The diplomacy has been conducted largely by Christopher Hill, the U.S. Assistant Secretary of State for Asian and Pacific Affairs. It has consisted of contacts with four nations in the so-called “six-party talks” – China, Russia, South Korea, and Japan. Mr. Hill has been trying to get these countries to put pressure of various kinds on North Korea to cease missile tests and return to the six-party talks as well as to support a strong resolution in the U.N. Security Council, should North Korea not do so. On July 12, Mr. Hill said he was “discouraged” by the lack of response from North Korea. He did not add that he was probably also discouraged by the positions of China, South Korea, and Russia.

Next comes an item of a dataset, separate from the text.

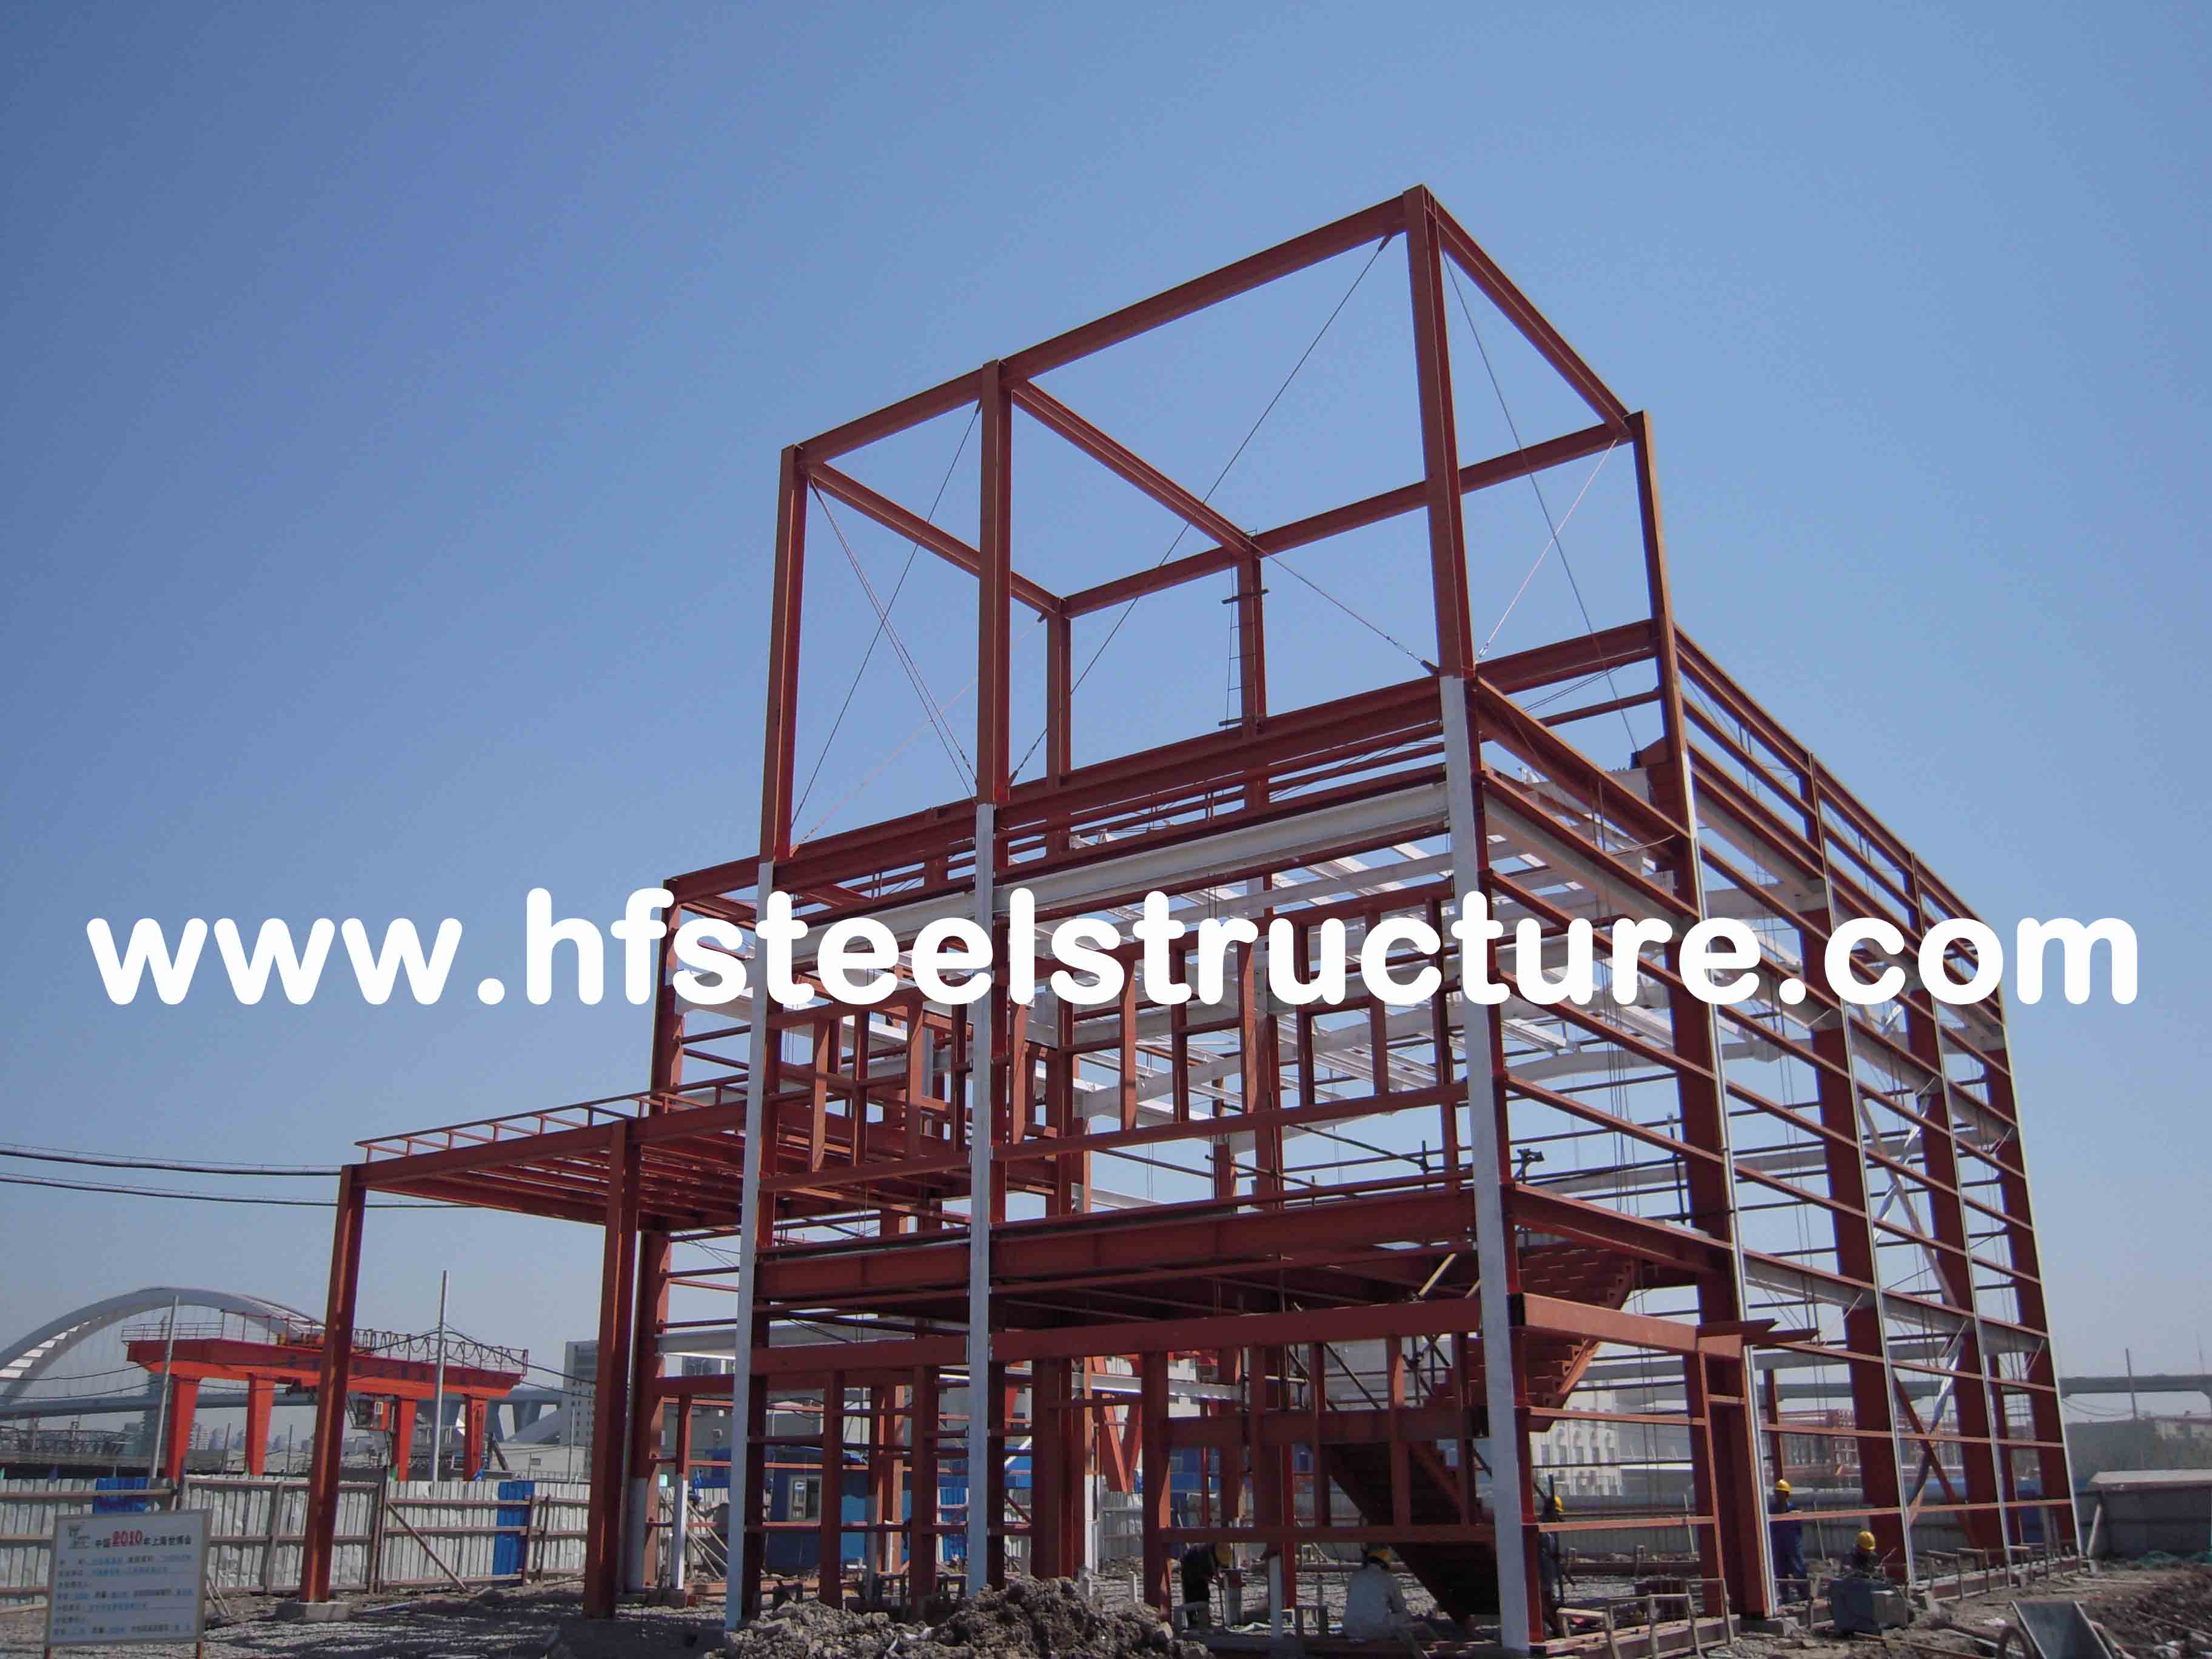 Natatorium de aço comercial industrial pesado moderno das construções no ginásio

The only country which seemed really agitated by the North Korean missile tests was Japan. There, Shinzo Abe, who is battling within the governing party to become the next Prime Minister, and whose self-presentation is that of a tough Japanese nationalist, said Japan should consider whether a “preventive” attack on North Korea was compatible with the Japanese constitution. Japan formally asked the Security Council to impose sanctions.
Of course, North Korea denounced Abe and Japan, but not half so loudly and publicly as did the spokesman of the South Korean and Chinese governments. South Korea did urge North Korea to make “wise judgments” to avert disaster, which was rather mild language. But South Korea accused Tokyo of “arrogance and outrageous rhetoric that further intensifies the crisis on the Korean peninsula,” which was less mild. Nor were the Chinese gentler with Abe and Japan. Abe, they said, was “pouring oil on the fire.” They added: “This practice is extremely irresponsible and incomprehensible and it will only seriously disrupt international diplomatic efforts and accelerate tensions in north-east Asia.” Russia seems to share this view.
So consequence number one of the North Korean missile test was a public exacerbation of the political quarrels of both China and South Korea with Japan, quarrels that have been increasing over the past few years. For the United States, it means it has to navigate between what have been its two major allies in East Asia – Japan and South Korea. As for a U.N. resolution, it is most unlikely anything close to the Japanese version will be adopted.
On the home front, George Bush is running into trouble with his own supporters. In the latest issue of The Weekly Standard, leading journal of the neo-conservatives, editor William Kristol was scathing about Bush. He quotes Bush as telling the North Koreans they have a “choice to make” – or else. Kristol says that Kim Jong-Il has in fact already made his choice, but “what price will [he] pay?” In effect, says Kristol, none. “What was ‘unacceptable’ to President Bush a week ago (a North Korean missile launch) has been accepted.”
Kristol ends his editorial with the highest insult he has in his repertory. He calls Bush’s current foreign policy “Clintonian.” As a final flourish, Kristol says: “The real choice isn’t Kim Jong-Il’s. It’s Presidents Bush’s.” The New York Times has a different take on what Bush has been doing: “Mr. Bush is discovering the limits of his own pre-emption doctrine – and the frustrations of its alternative.”
Meanwhile, to very little public notice, India launched its own long-range missile test on July 9, only three days after the North Korean launches. For the first time, India now has a missile that can land in China. This missile test was not denounced by anyone as a provocation. Journalists have talked of it as “a strategic step to keep China in check.”
So we have a geopolitical situation in which some countries are denounced for launching missile tests and others are not (not only India of course but, for example, the United States). But those who are denounced for launching missile tests hear the denunciations as hollow, since even the United States seems hesitant to threaten war with a country that has even “rudimentary” nuclear weapons. And very quietly the Israeli government has been toning down its previous pressures on the United States to do “something” about Iran.
The realities of geopolitical limitations on military bravura are painful to learn and harder still to accept. If politics, as they say, is the art of the possible, what is possible today?